■ Required action: Nothing but the pictures should be dropped; repeat the rest of the data below exactly.

■ Data:
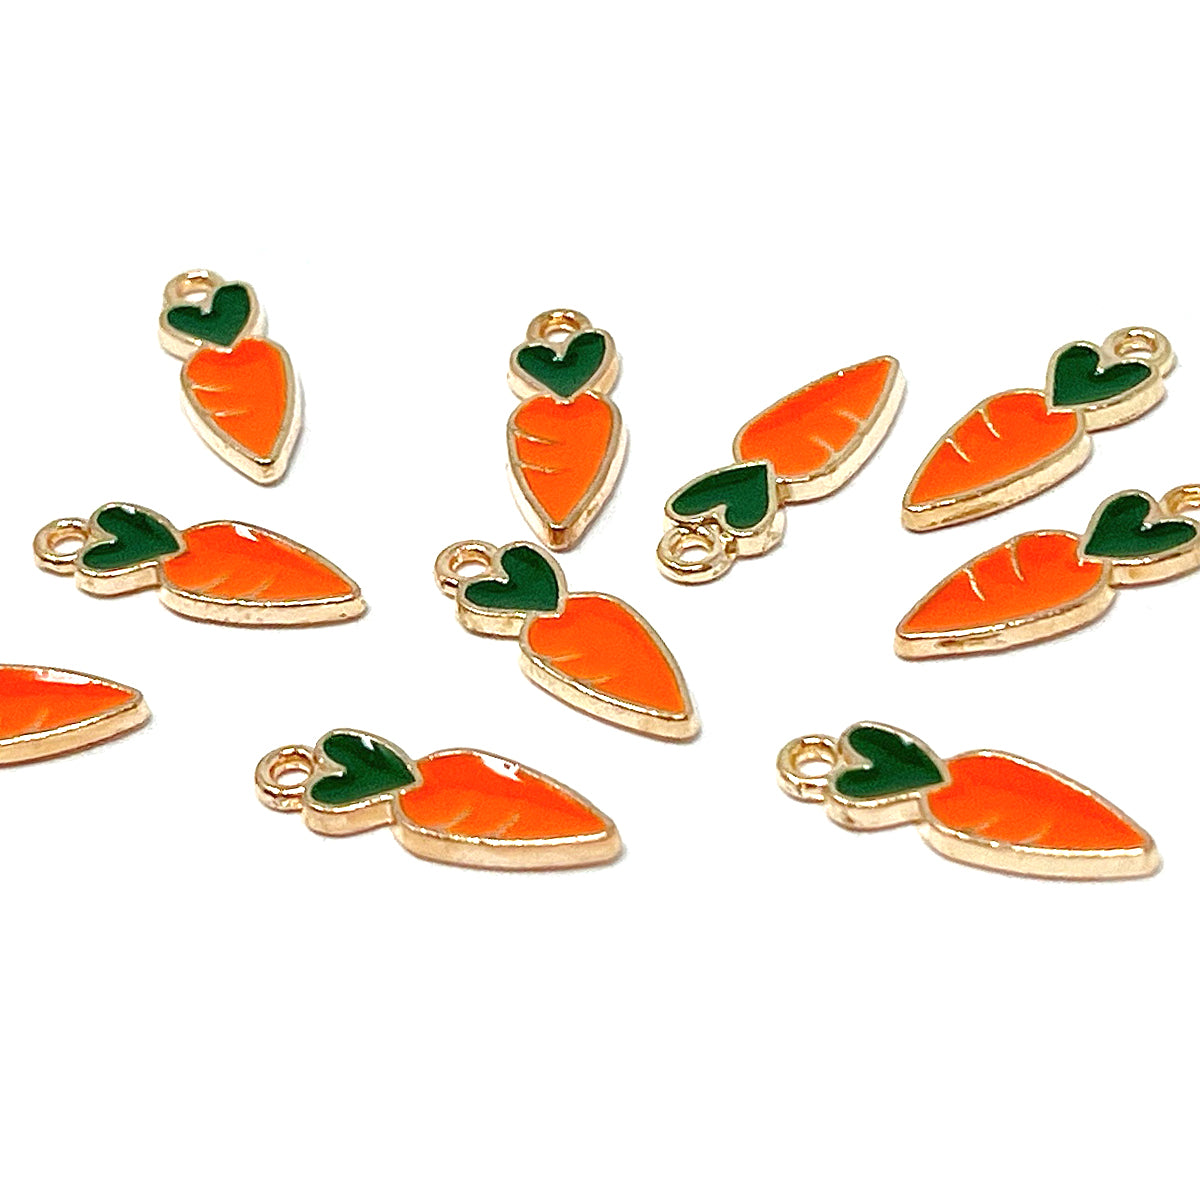 Wrapables Jewelry Charms for Jewelry Making Enamel Pendants (Set of 10) Carrots
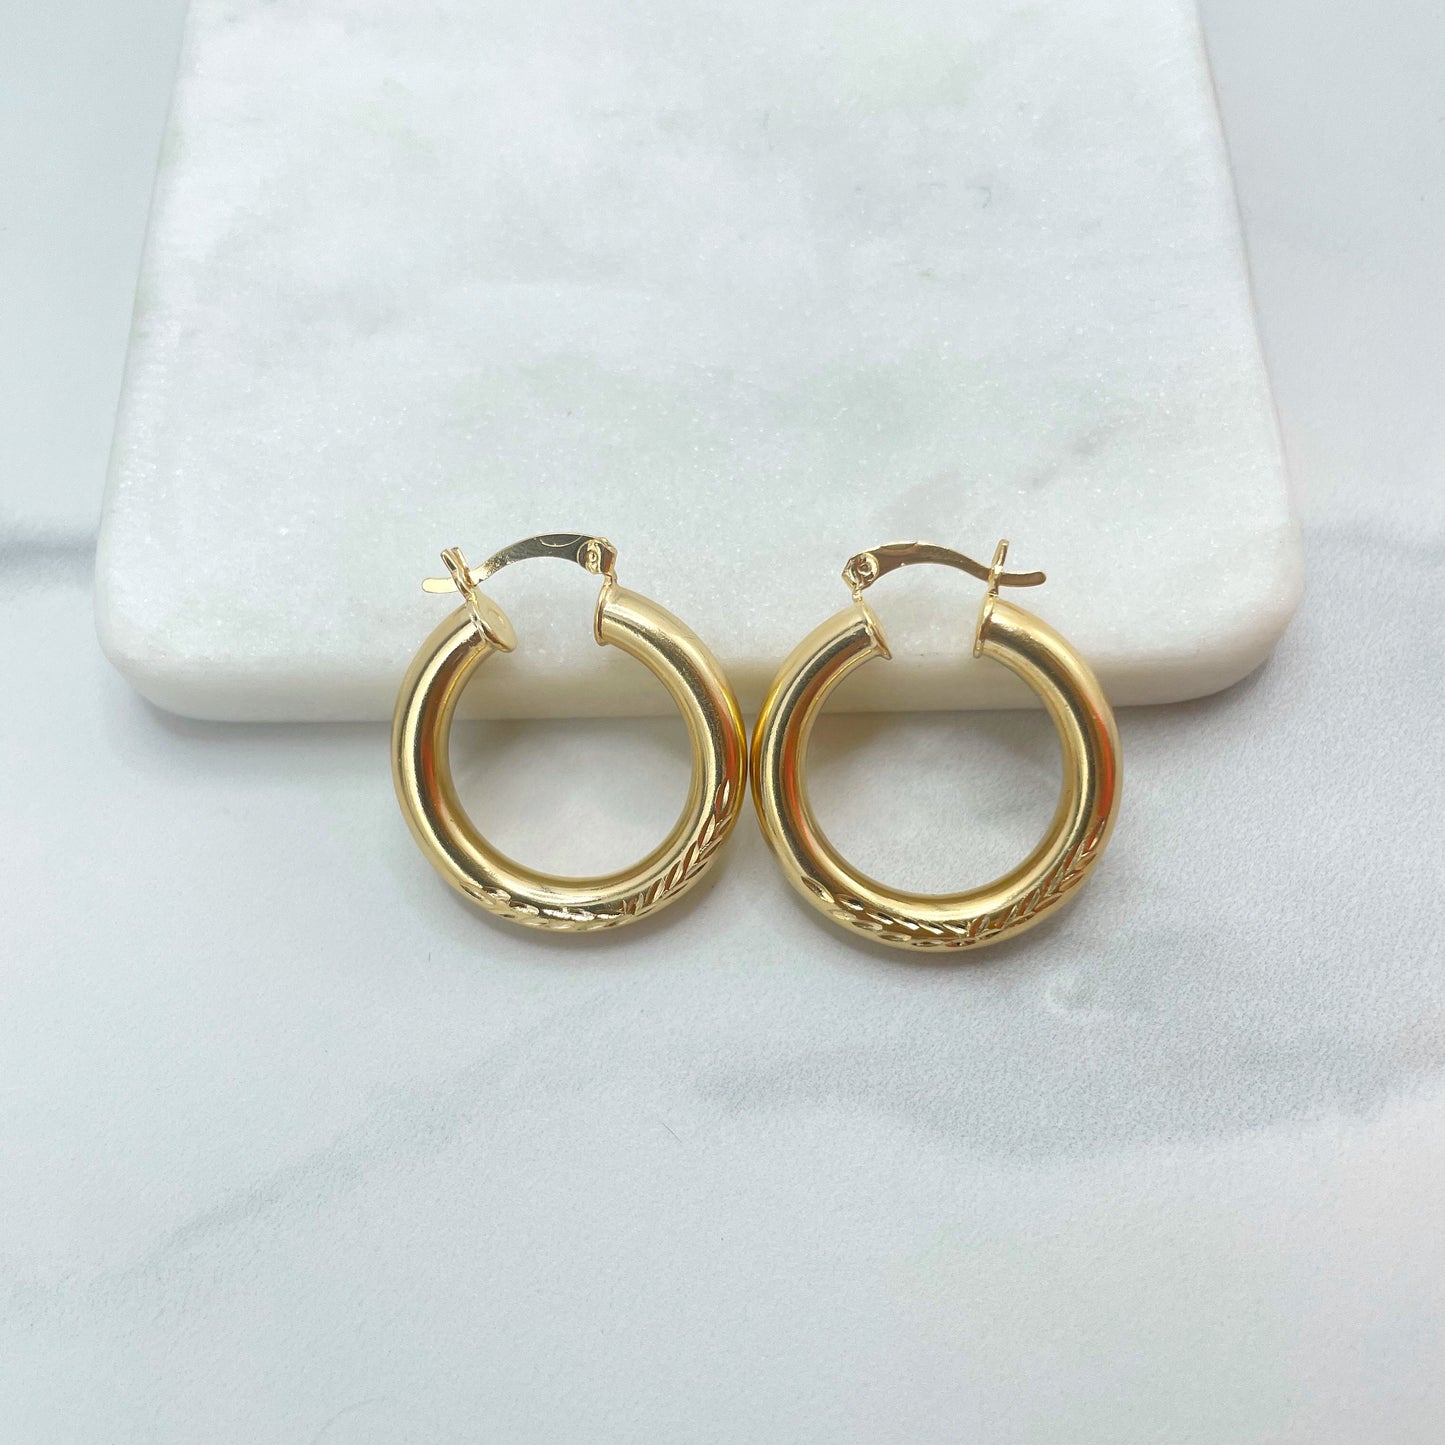 18k Gold Filled 30mm or 60mm Texturized Hoops Earrings Wholesale Jewelry Making Supplies
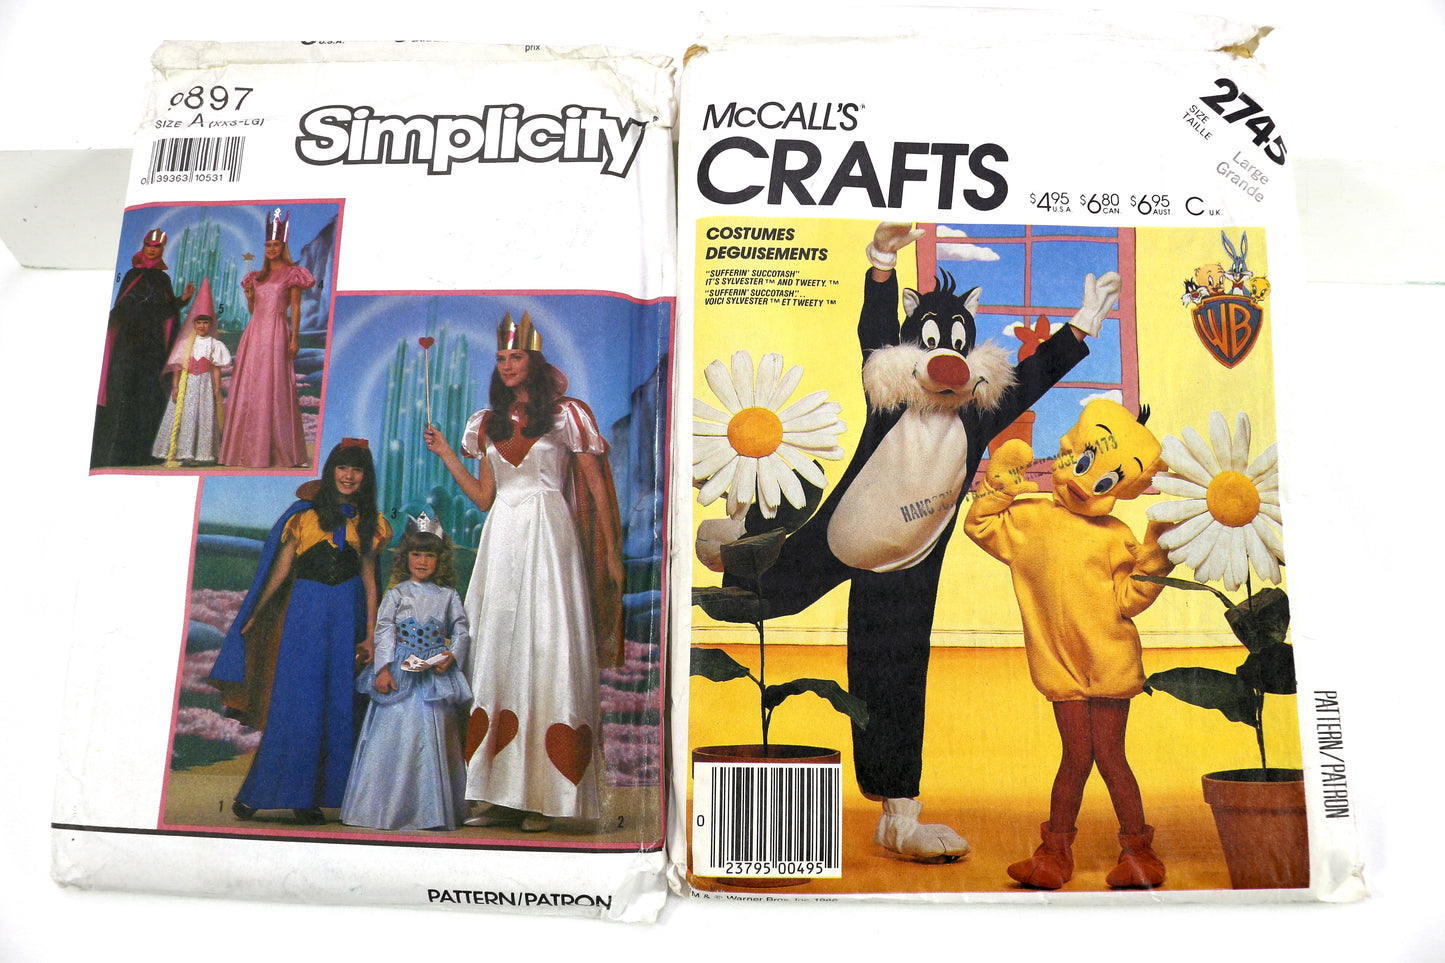 Simplicity Wizard of Oz Costume Sewing Pattern or McCalls 2745 Looney Tunes Costume Sewing Pattern

■ Exercise solution:
 Wrapables Jewelry Charms for Jewelry Making Enamel Pendants (Set of 10) Carrots
 18k Gold Filled 30mm or 60mm Texturized Hoops Earrings Wholesale Jewelry Making Supplies
 Simplicity Wizard of Oz Costume Sewing Pattern or McCalls 2745 Looney Tunes Costume Sewing Pattern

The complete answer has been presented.